For the past 17 years through the MOU (and informally before that time), FDA has provided scientific expertise related to the safety and utility of proposed feed ingredients submitted for approval within the AAFCO ingredient definition process.
FDA issued a notice today that it intends to publish a Request for Comments seeking public input on questions to help the agency re-evaluate its animal food pre-market programs. In addition, FDA intends to issue a CVM Update further detailing how the agency plans to handle the upcoming transition and providing detailed information about how stakeholders can provide input.

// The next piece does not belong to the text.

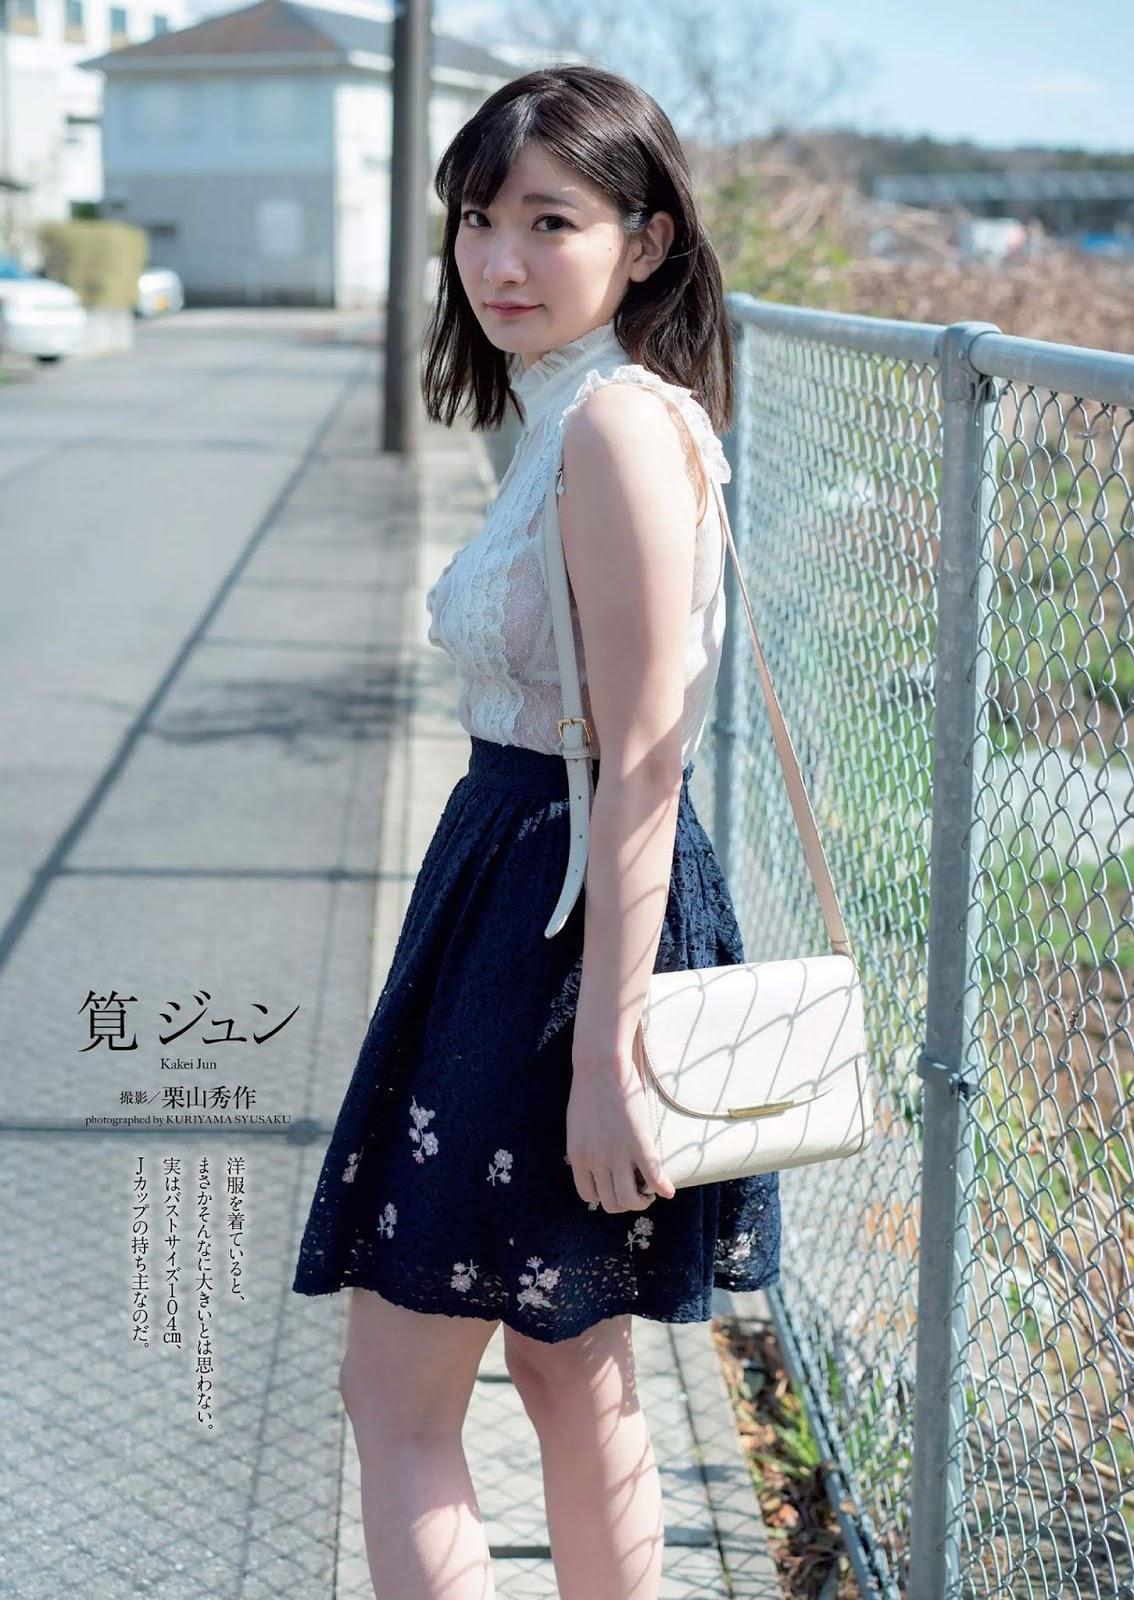 Jun Kakei 筧ジュン, Weekly Playboy 2019 No.29 (週刊プレイボーイ 2019年29號) - 亞洲美女 -
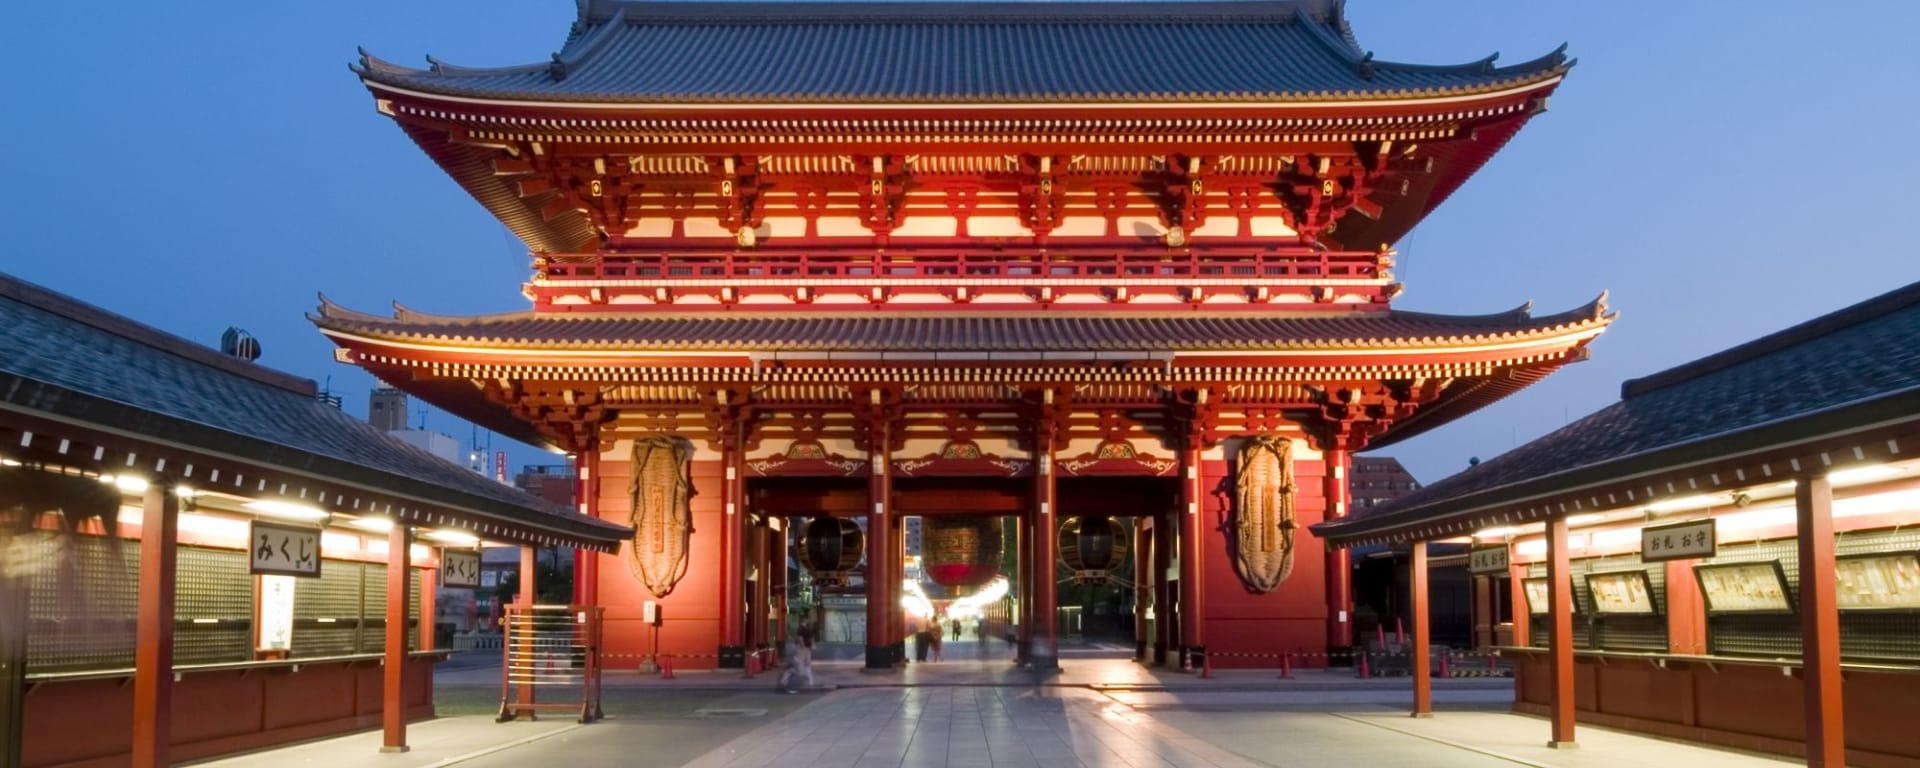 Tokio Highlights – Ganzer Tag: Senso-ji (Kannon) Temple Asakusa

FDA also confirmed that it intends to publish two draft guidance for the industry related to the feed ingredient approvals and how FDA will characterize AAFCO-defined ingredients moving forward: 1) Animal Food Ingredient Consultation; and 2) Food and Drug Administration Enforcement Policy for Association of American Feed Control Officials-Defined Animal Feed Ingredients.
In response to the end of the MOU, AAFCO is considering establishing a new ingredient definition process that would utilize an expert panel to provide the necessary scientific review of proposed ingredients. AAFCO intends to vote on this concept during the AAFCO Annual Meeting on Aug. 7-9.
NGFA issued the following statement today regarding the end of the MOU:
“NGFA has strongly supported the long-standing relationship between FDA and AAFCO to define animal feed ingredients. The FDA/AAFCO ingredient definition process utilized federal and state expertise, along with stakeholder input, to ensure the safety and utility of ingredients, thereby protecting animal health, the safety of animal-based foods consumed by humans, and public health. FDA’s participation within the AAFCO process has been effective and yielded a comprehensive list of ingredients that promote a common understanding and acceptance within the industry, FDA and state regulators, consumers, and global trade partners. The process also provided harmonization between state and federal regulatory authorities that is vital.
“NGFA is disappointed the Memorandum of Understanding (MOU) between FDA and AAFCO that facilitates their current partnership to define feed ingredients will not be renewed when it expires on Oct. 1, 2024. However, we look forward to engaging with both AAFCO and FDA regarding future ingredient approval processes that will support the U.S. animal food industry, facilitate innovation, ensure the safety and utility of ingredients, and protect public health.”